DOUGLAS KMIEC IS WRONG ABOUT
ABORTION AND THE COMMON GOOD
by Matthew Moore
It recommends that Catholics avoid both the attempt to prohibit abortion legally and the discussion about when life begins. Instead of these, which it claims are “blocked” or “unhelpful” or “divisive,” it suggests that we “do good.”
In the private sphere, it indicates that one could do good by volunteering at crisis pregnancy centers; it indicates that one could also do good in the public sphere by supporting the socio-economic programs that were developed during the time that Americans generally call the Clinton era (1990-2000). According to Kmiec, these are some of the many ways in which a Catholic can acceptably or sufficiently be pro-life.

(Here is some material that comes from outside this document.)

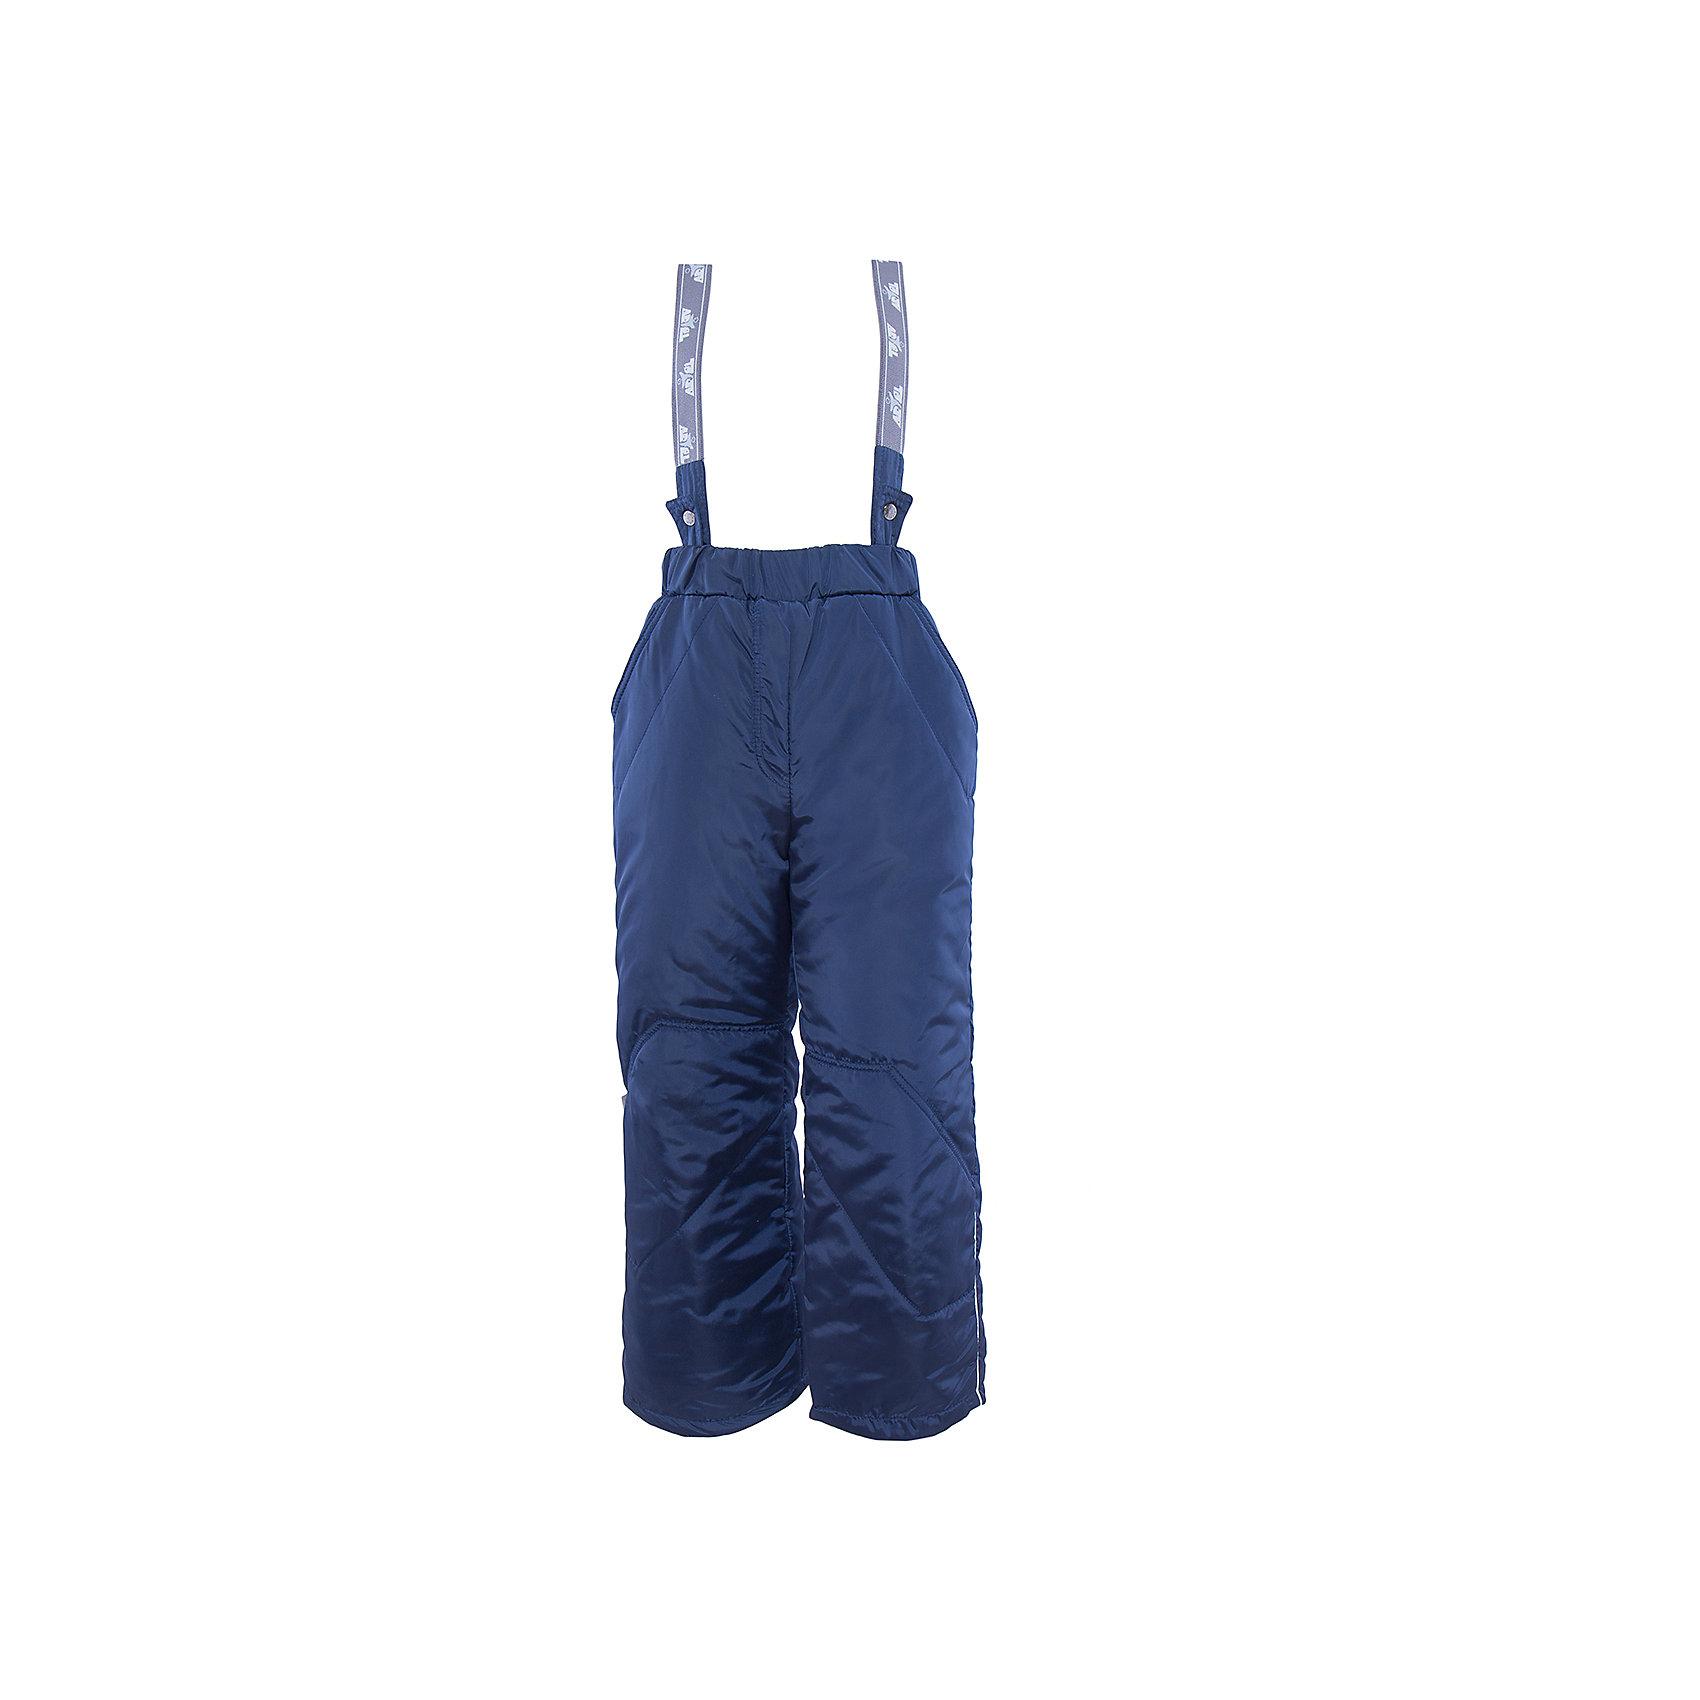 Брюки для мальчика АртельВерхняя одежда<br>Брюки для мальчика от известного бренда Артель<br>Утепленные брюки для мальчика со съемной спинкой. Эта модель универсальна, т.к. может использоваться как полукомбинезон и просто как брюки. Сзади спинка крепится на молнию<br>Состав:<br>Верх: PRINCE<br>Подкладка: тиси<br>Утеплитель: термофайбер 100гр<br><br>Ширина мм: 215<br>Глубина мм: 88<br>Высота мм: 191<br>Вес г: 336<br>Цвет: синий<br>Возраст от месяцев: 96<br>Возраст до месяцев: 108<br>Пол: Мужской<br>Возраст: Детский<br>Размер: 134,128,140,146,152,158,164,122<br>SKU: 4963865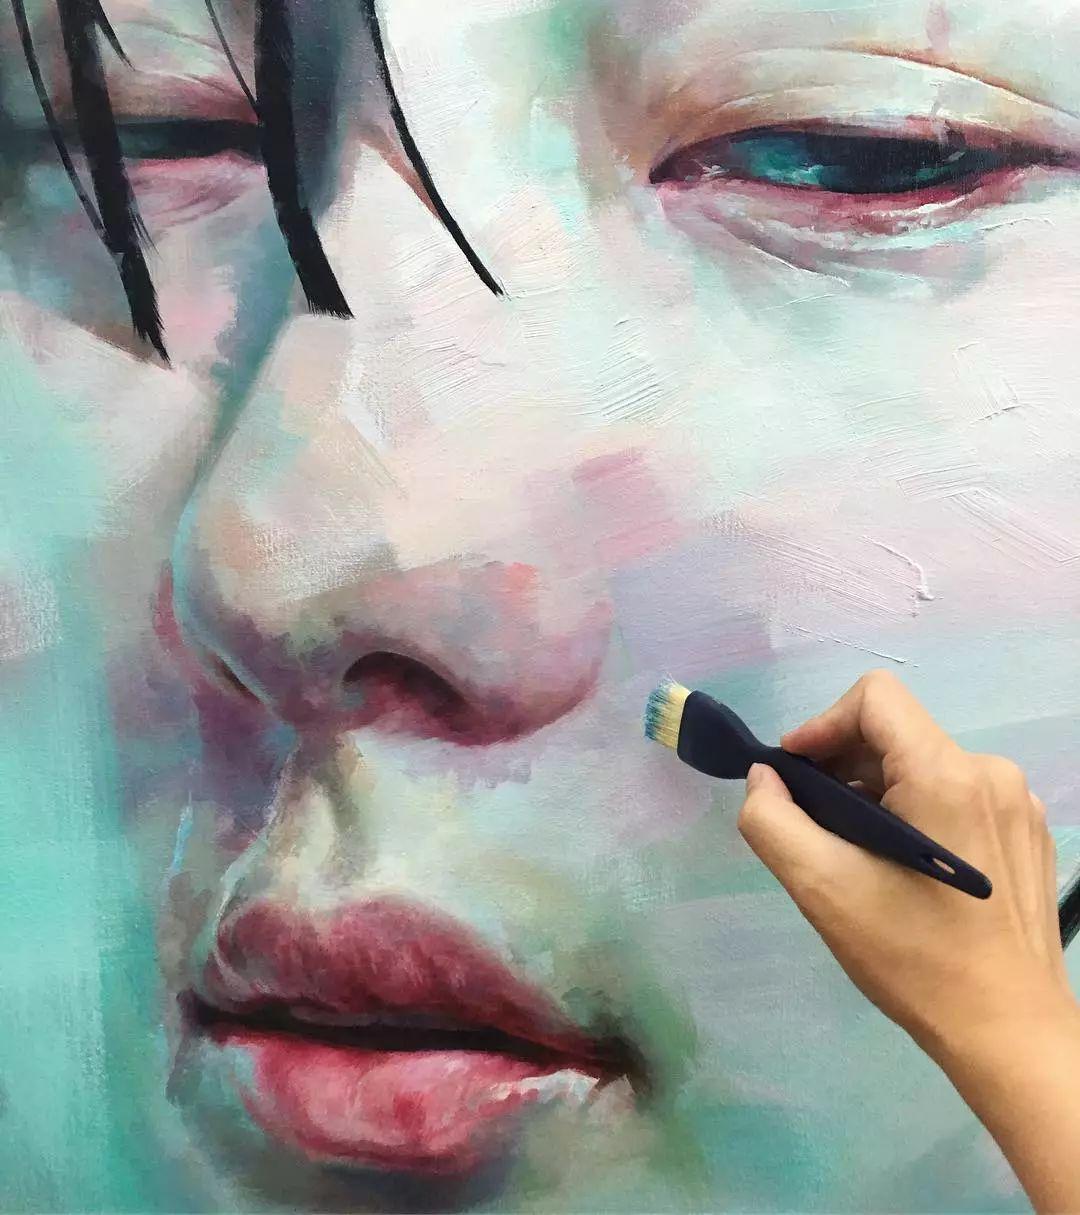 画笔留下的记忆,来自油画的魅力!插图43

First, to state the obvious, it mistakenly proposes that according to Catholic standards one is sufficiently pro-life if he politically supports government officials that propose the economic programs during the Clinton era for alleviating poverty, even if those officials he supports are manifestly in support of abortion itself. This practically means that even if a candidate is manifestly in support of abortion, according to Kmiec, a Catholic voter can in good, well-formed conscience ignore the candidate's position on abortion and vote for him so long as the Catholic voter intends to support one of the ever diverse ways of being pro-life that are indirectly tied to the act of abortion.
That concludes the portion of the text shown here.